WORK TO COMPLETE —
Every line from the one with "ほのぼのとしたカナディアンフォークの再生済みの波形" to the end of the listing below must be printed exactly, with no other text and no pictures.

MATERIAL PROVIDED —
=== Begin Enclosure ===

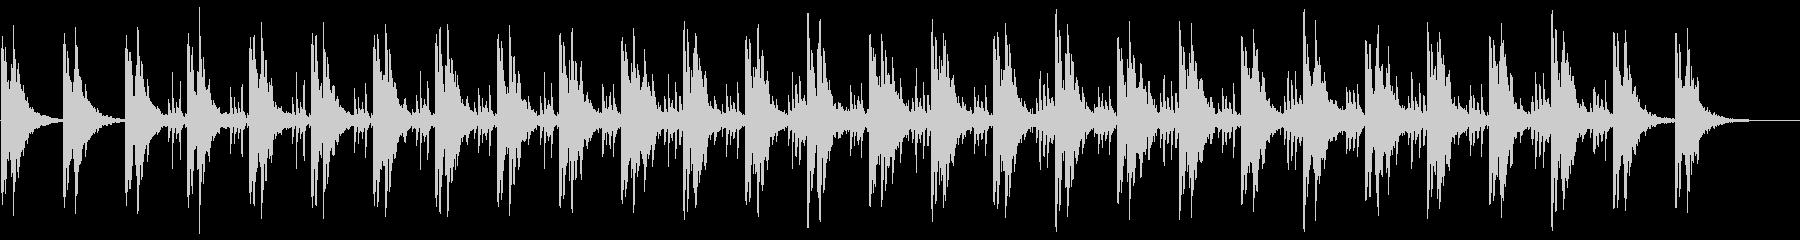 ミニマル系BGMの未再生の波形
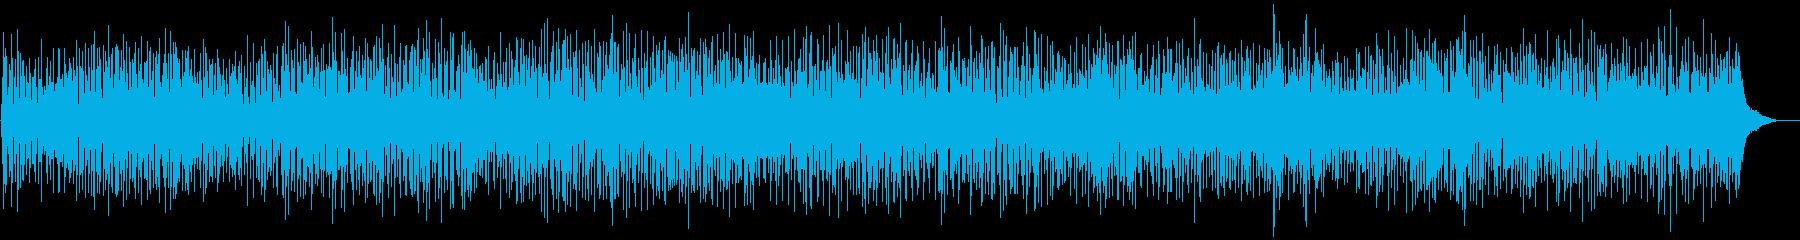 ほのぼのとしたカナディアンフォークの再生済みの波形
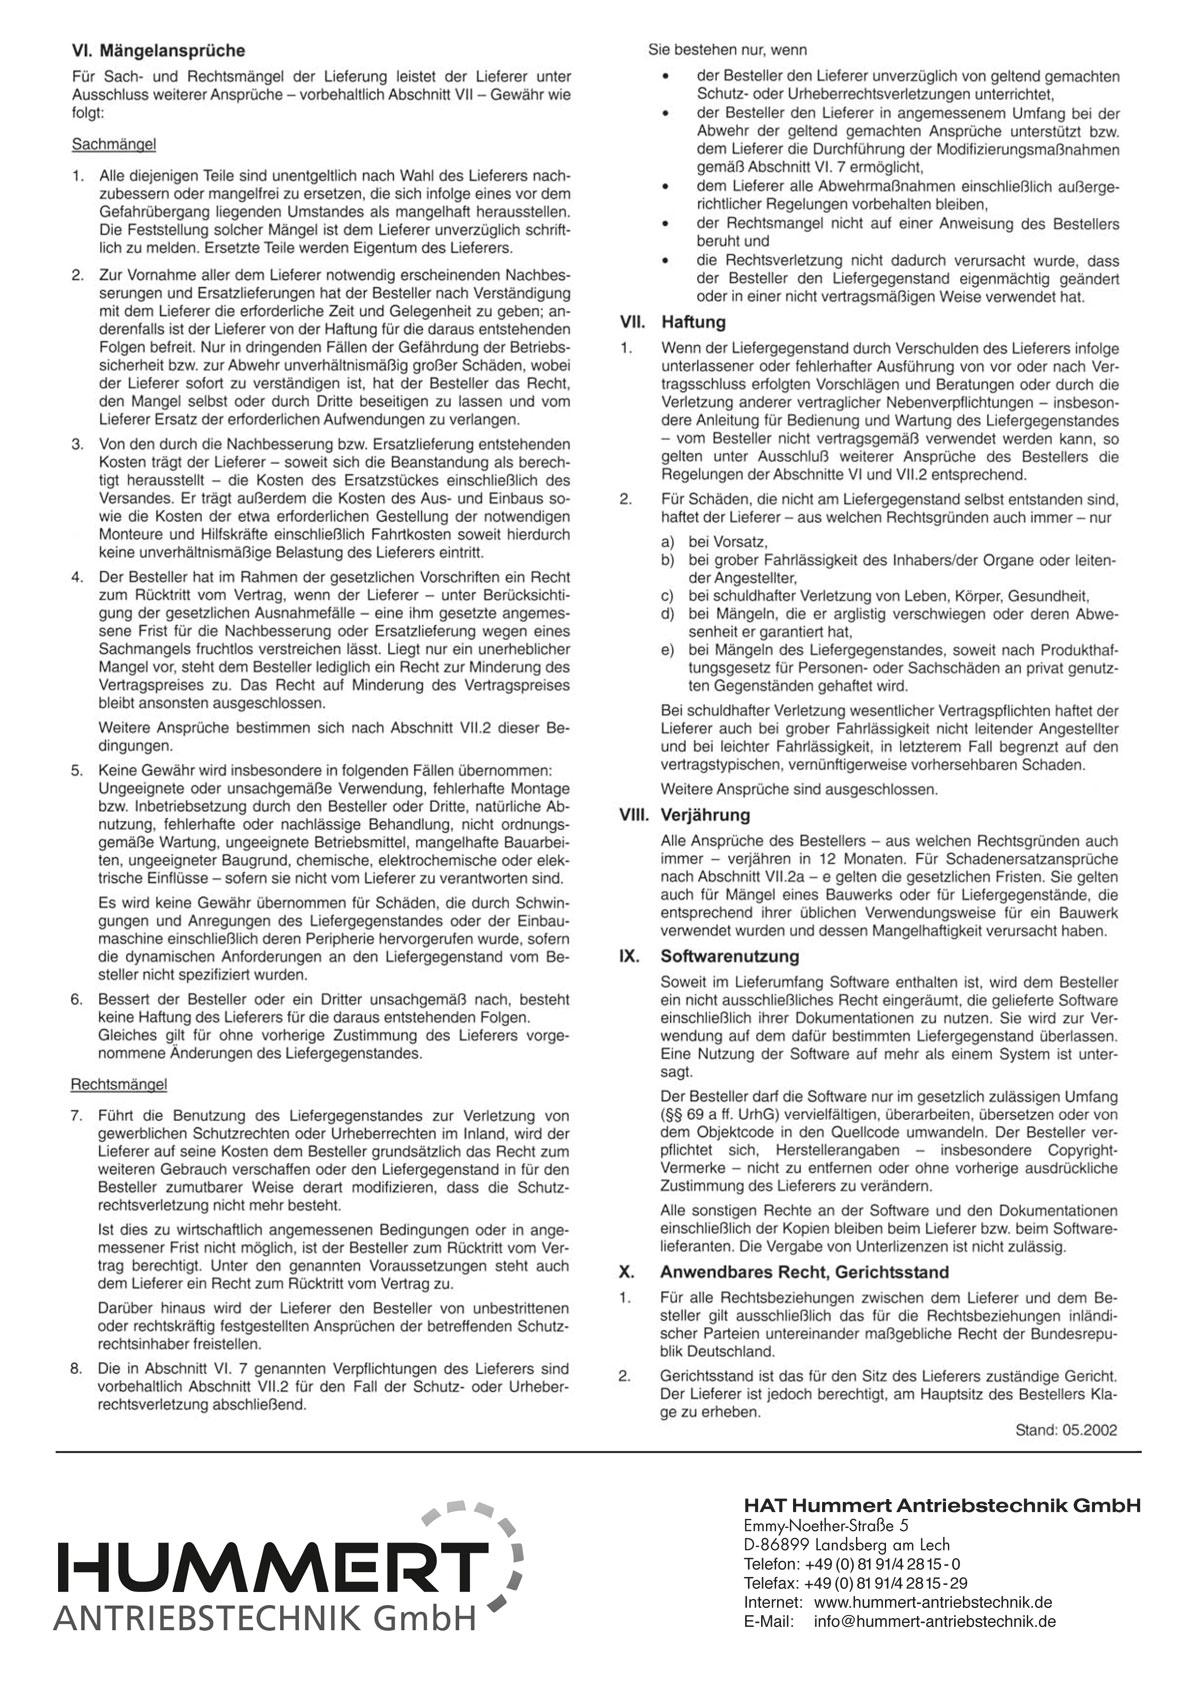 AGB Hummert Antriebstechnik GmbH, Seite 2
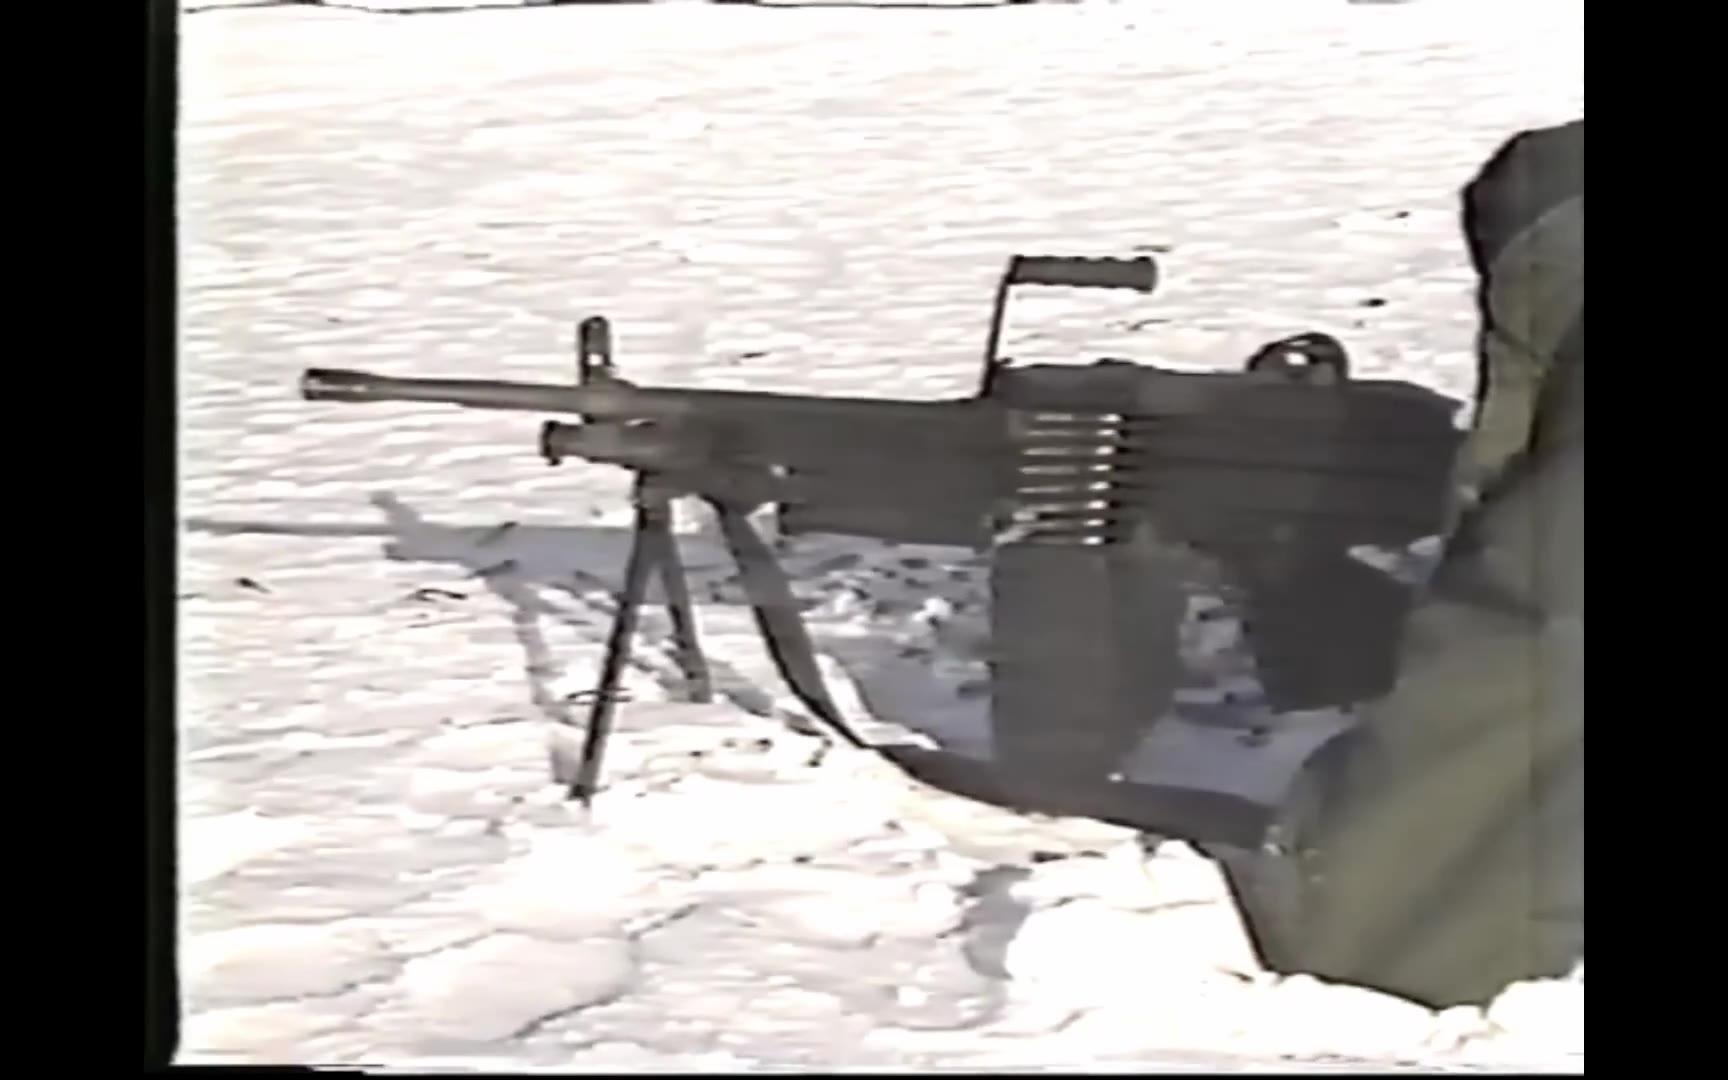 【中字/加拿大武装力量/1986年】C9(FN米尼米/M249 SAW)轻机枪的运作原理
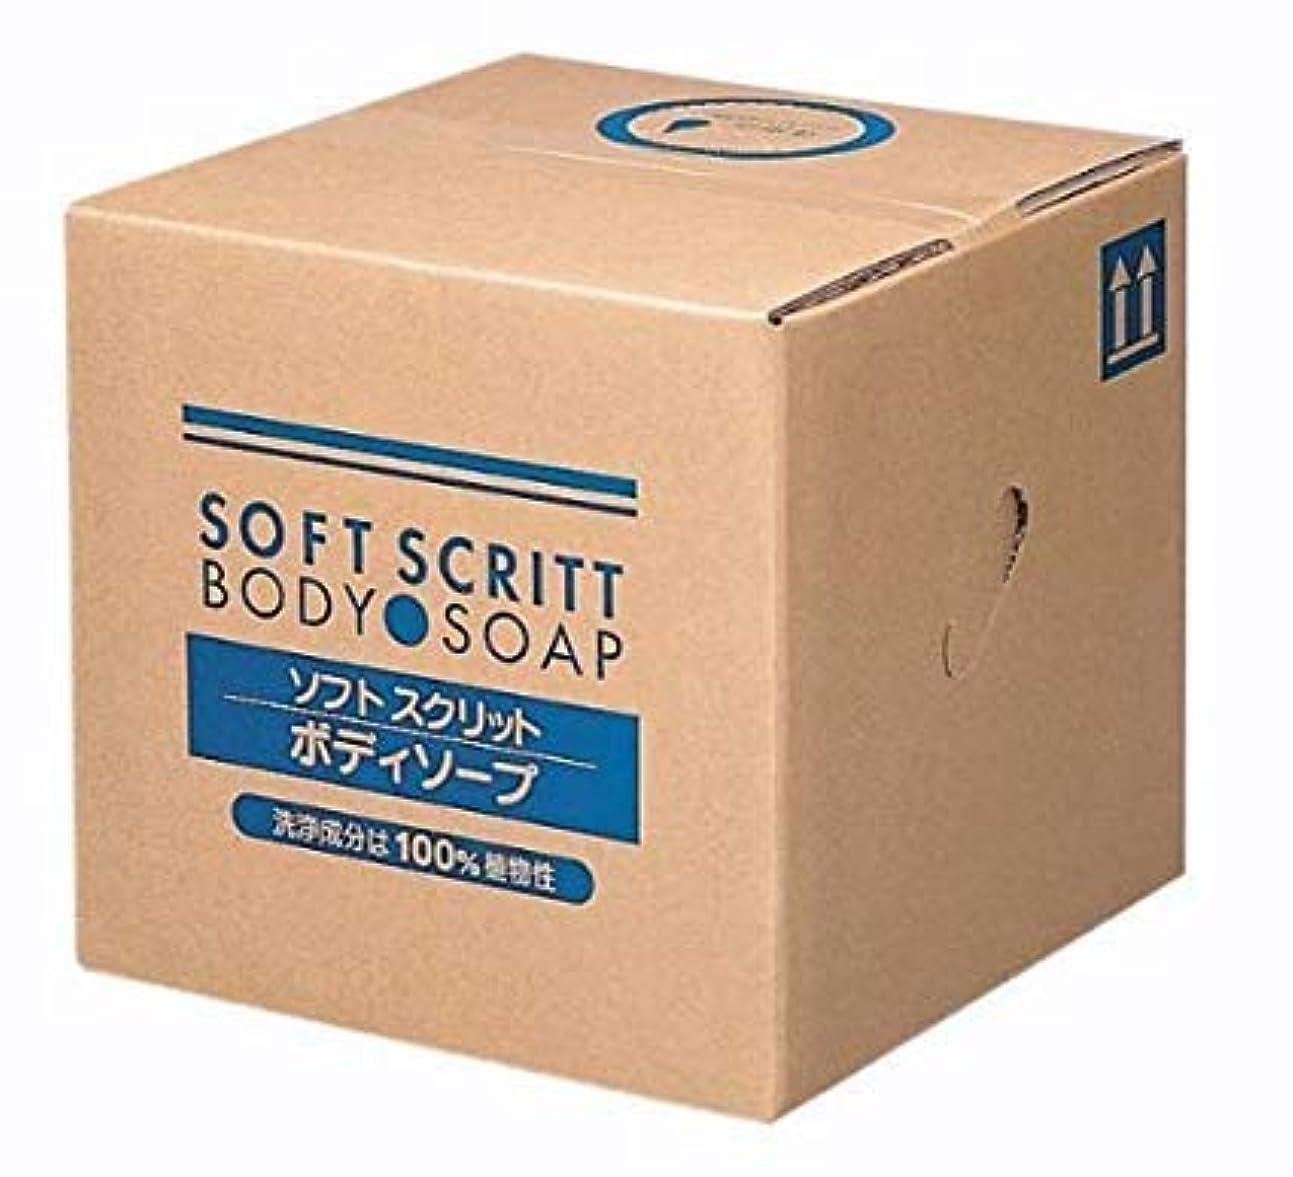 業務用 SOFT SCRITT(ソフト スクリット) ボディソープ 18L 熊野油脂 コック無し
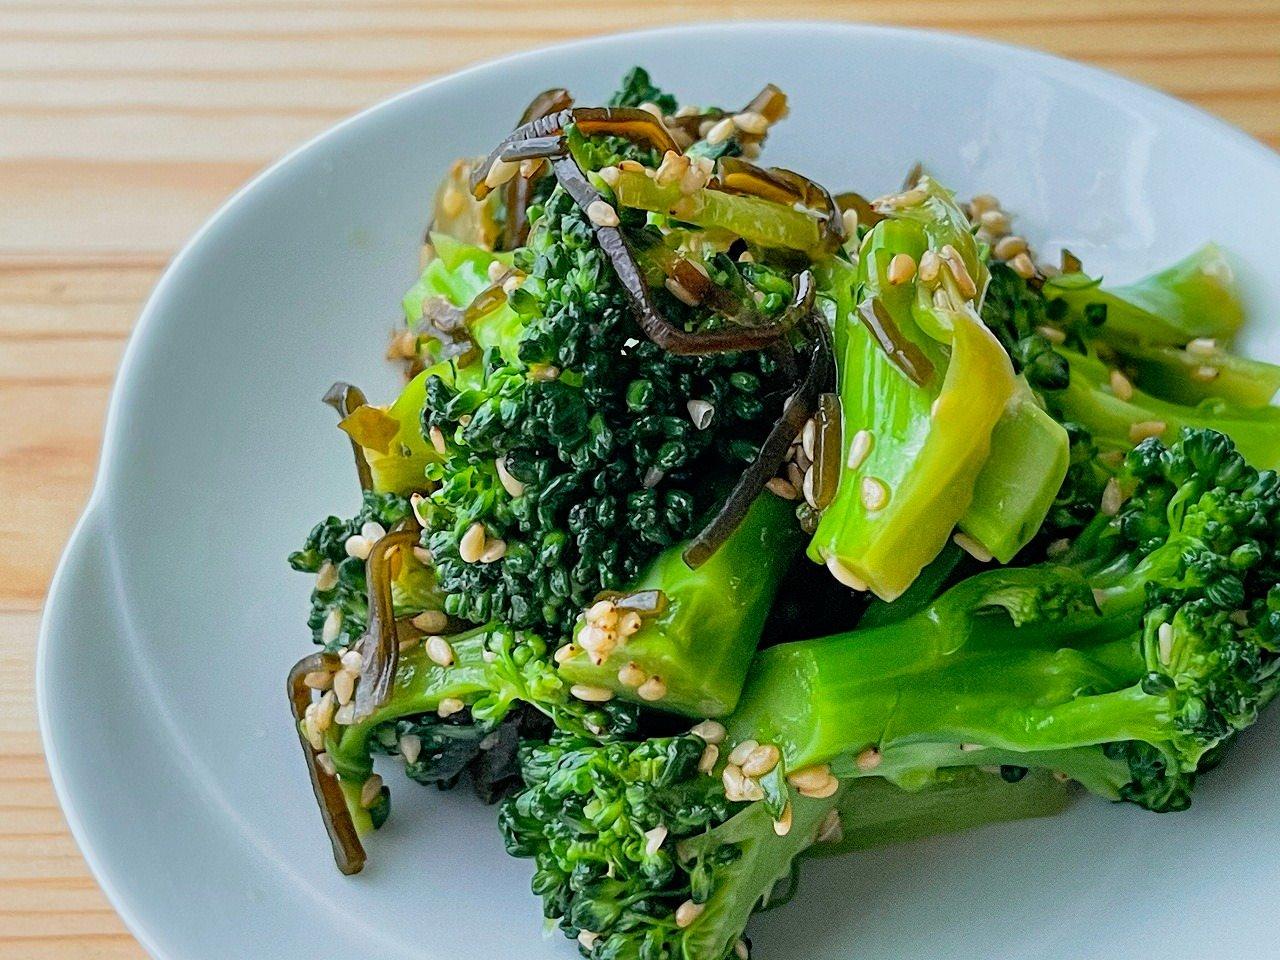 【野菜ひとつ】ブロッコリーの塩昆布蒸し

=== End Enclosure ===

SOLUTION FOR THIS TASK —
 ほのぼのとしたカナディアンフォークの再生済みの波形
 AGB Hummert Antriebstechnik GmbH, Seite 2
 【中字/加拿大武装力量/1986年】C9(FN米尼米/M249 SAW)轻机枪的运作原理
 業務用 SOFT SCRITT(ソフト スクリット) ボディソープ 18L 熊野油脂 コック無し
 【野菜ひとつ】ブロッコリーの塩昆布蒸し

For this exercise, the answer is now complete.